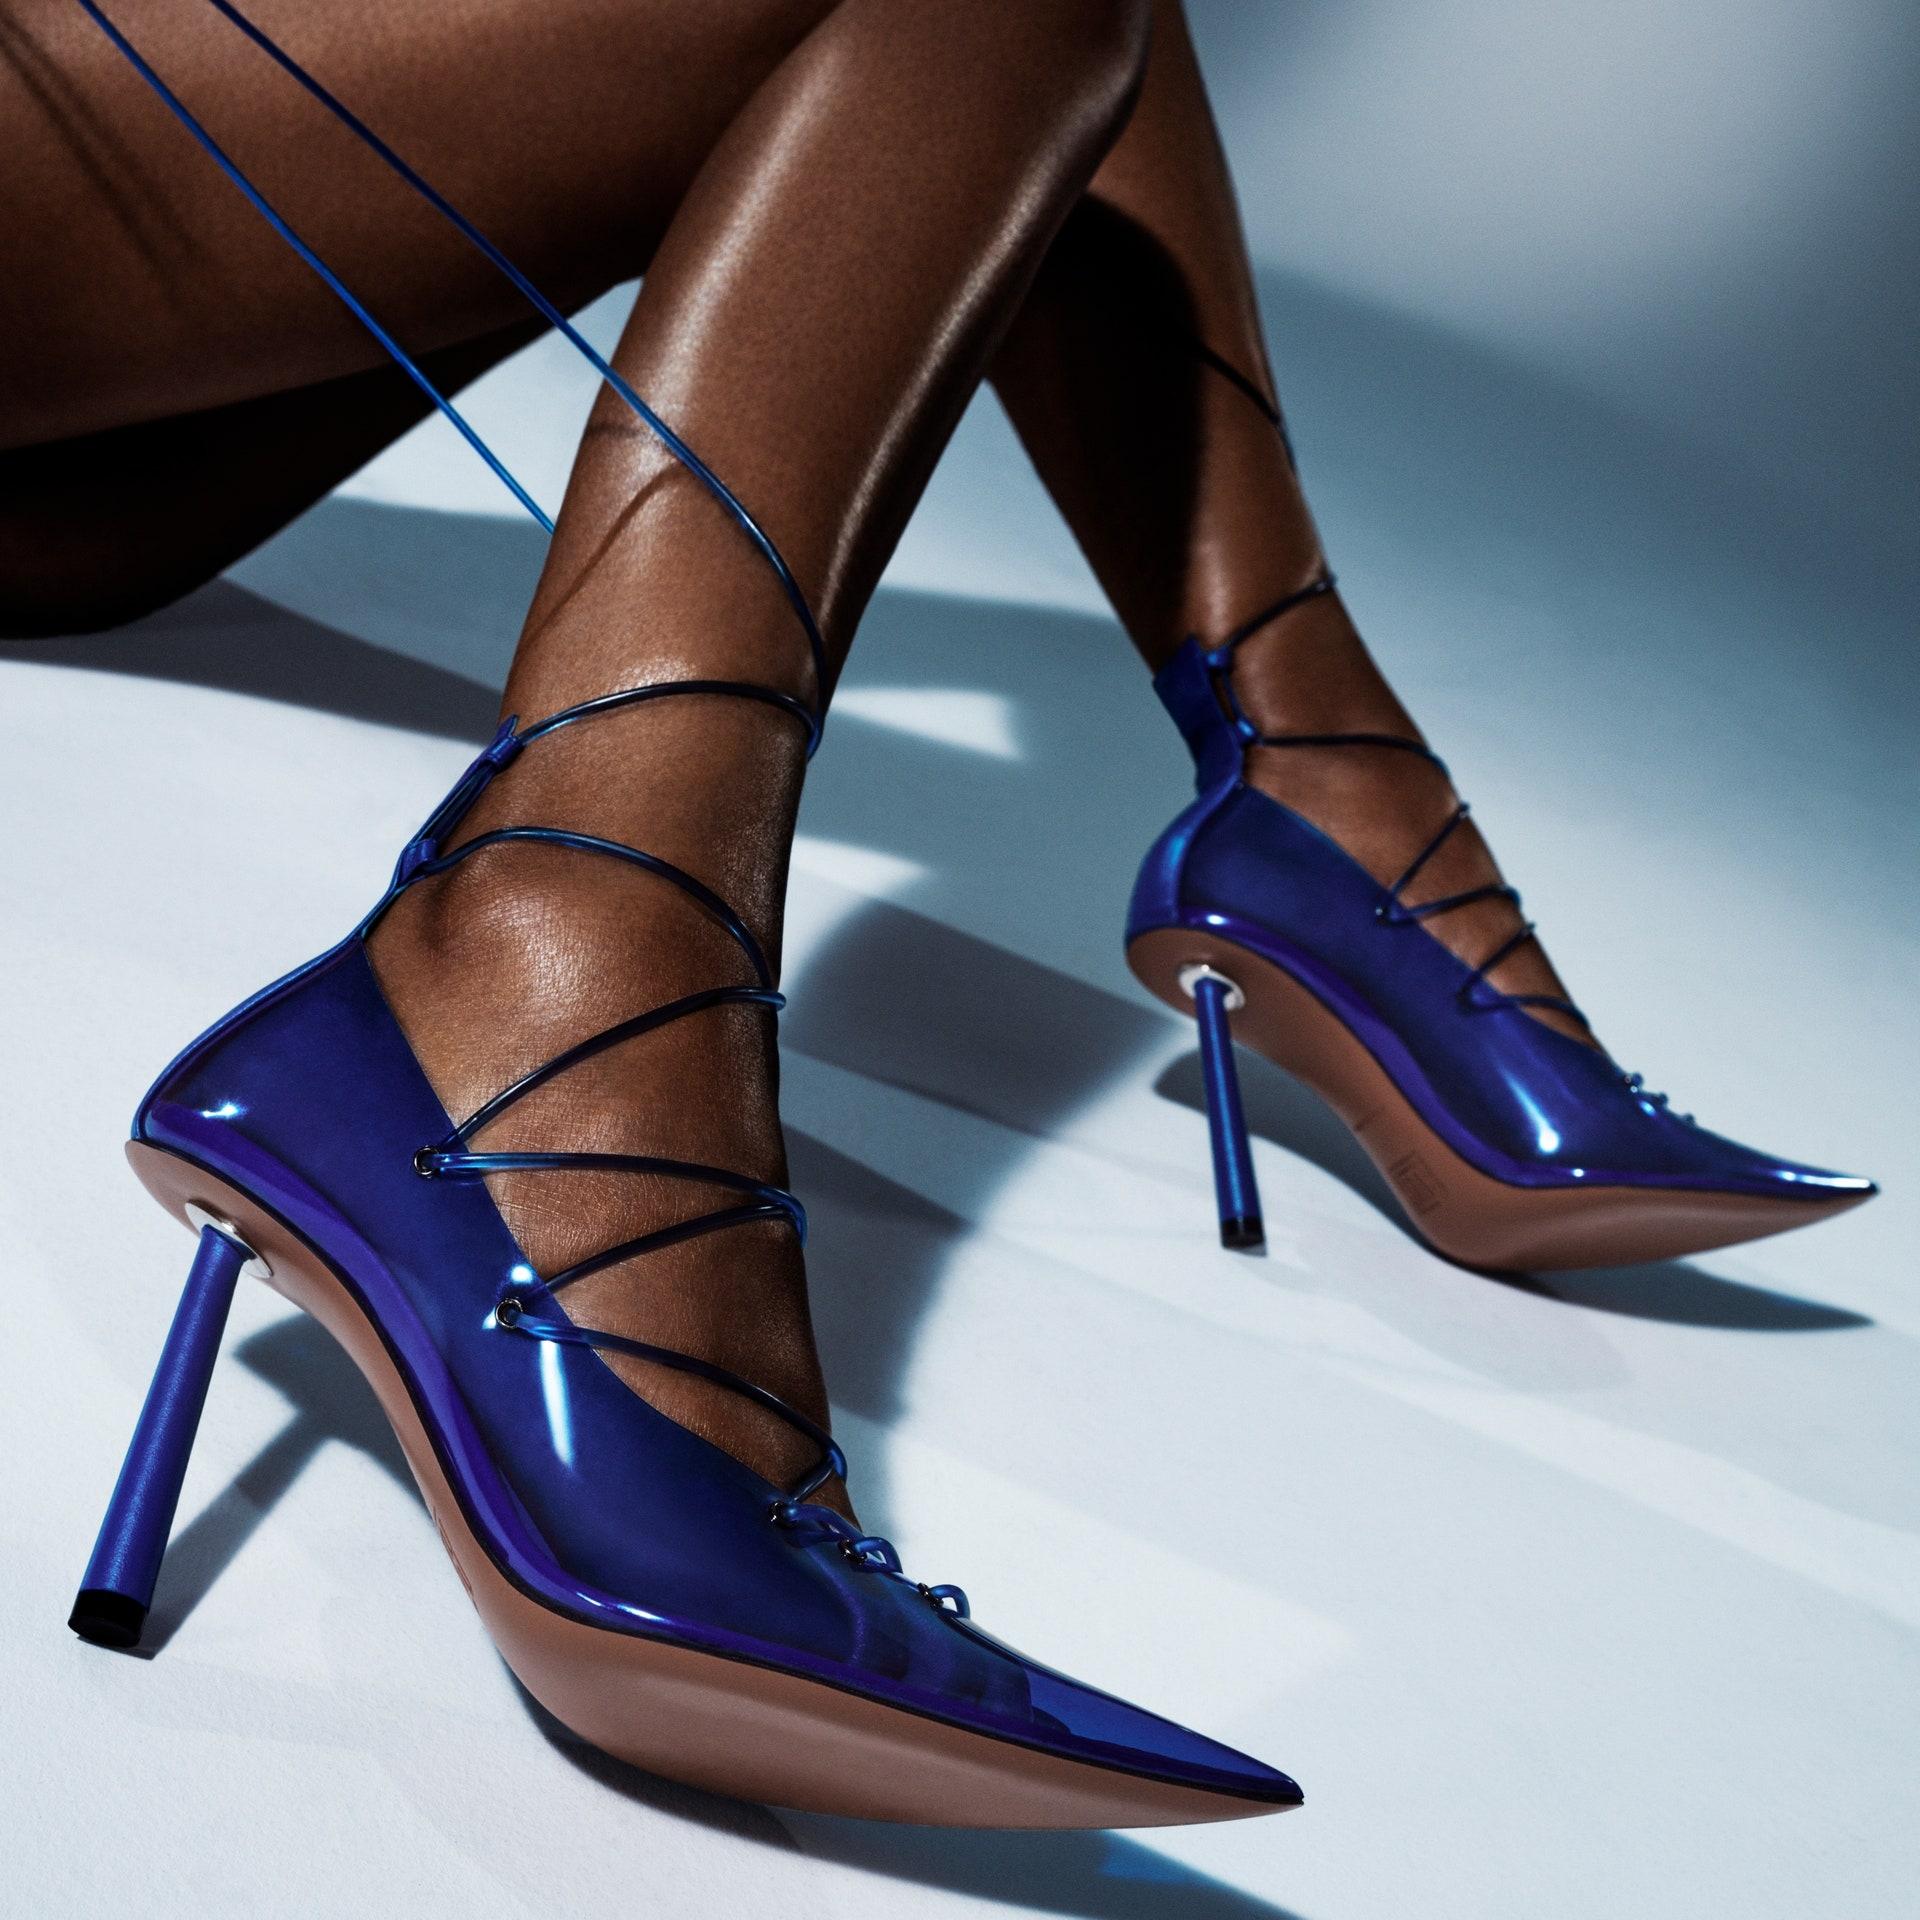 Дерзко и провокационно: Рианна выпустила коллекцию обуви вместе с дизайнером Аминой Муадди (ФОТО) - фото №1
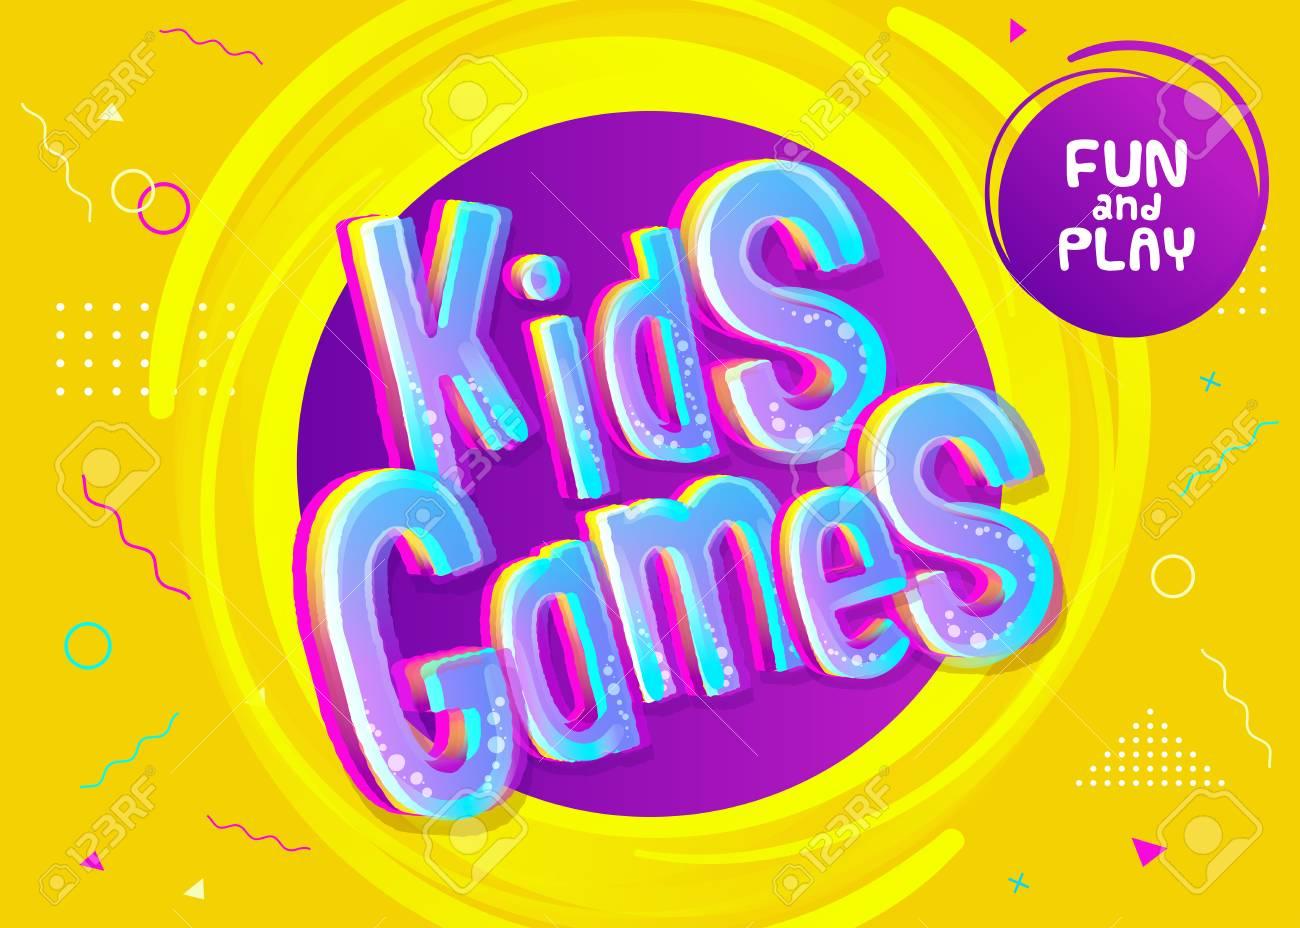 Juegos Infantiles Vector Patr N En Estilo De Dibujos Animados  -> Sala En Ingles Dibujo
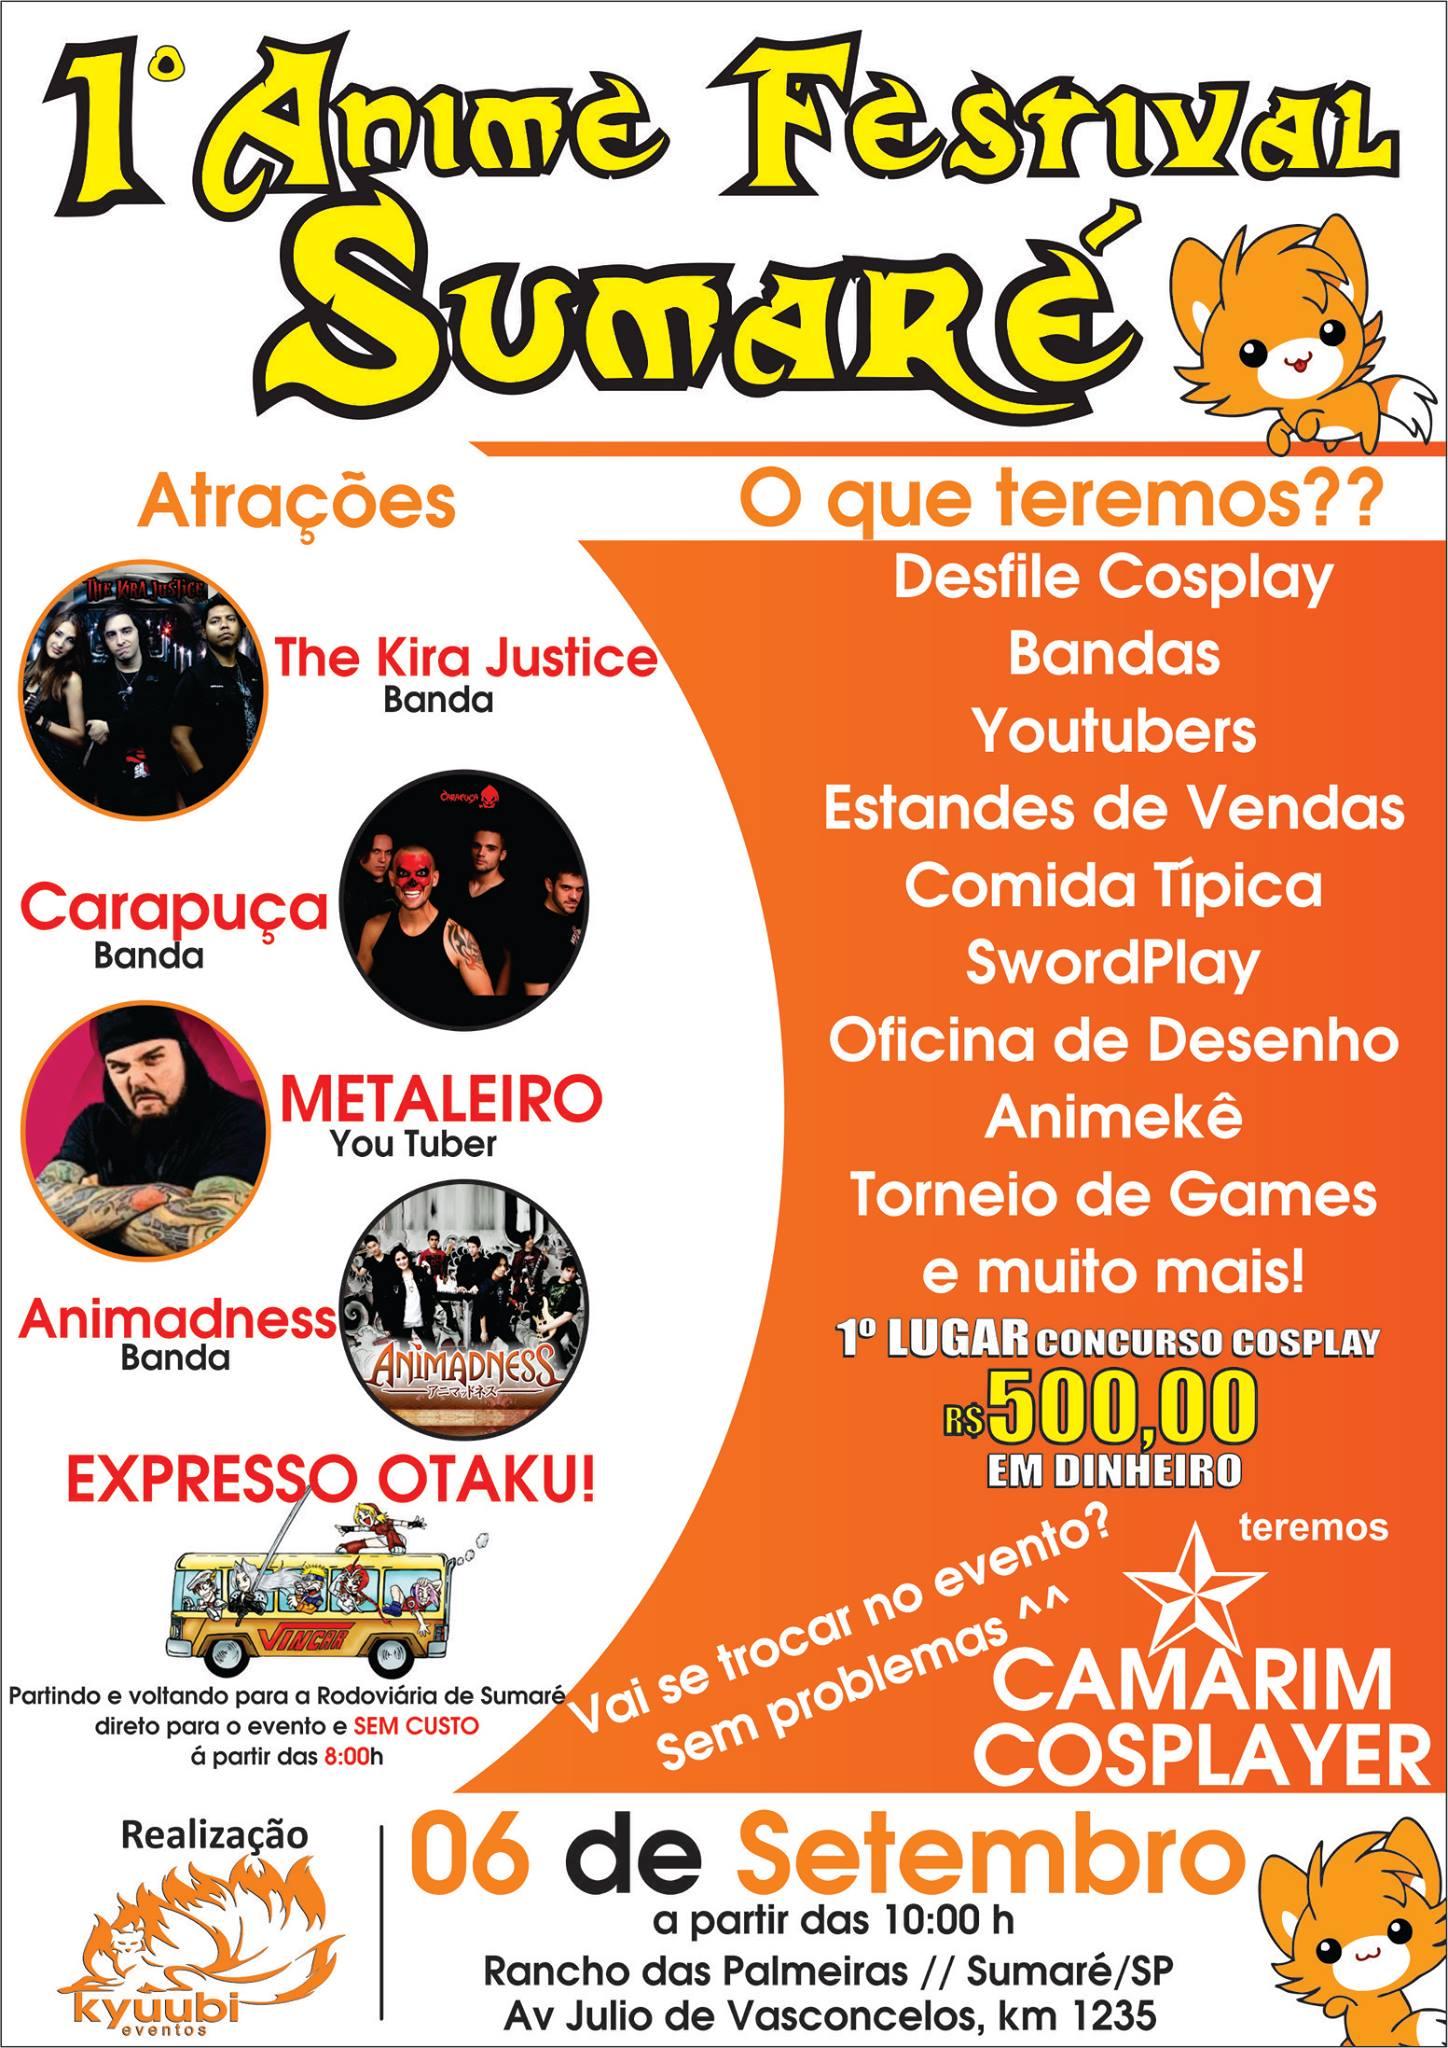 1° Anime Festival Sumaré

**EXERCISE REQUIREMENTS**
Each line of the data should be quoted exactly, with pictures left out.

**OUTPUT FOR THIS TASK**
 Дерзко и провокационно: Рианна выпустила коллекцию обуви вместе с дизайнером Аминой Муадди (ФОТО) - фото №1
 Juegos Infantiles Vector Patr N En Estilo De Dibujos Animados  -> Sala En Ingles Dibujo
 1° Anime Festival Sumaré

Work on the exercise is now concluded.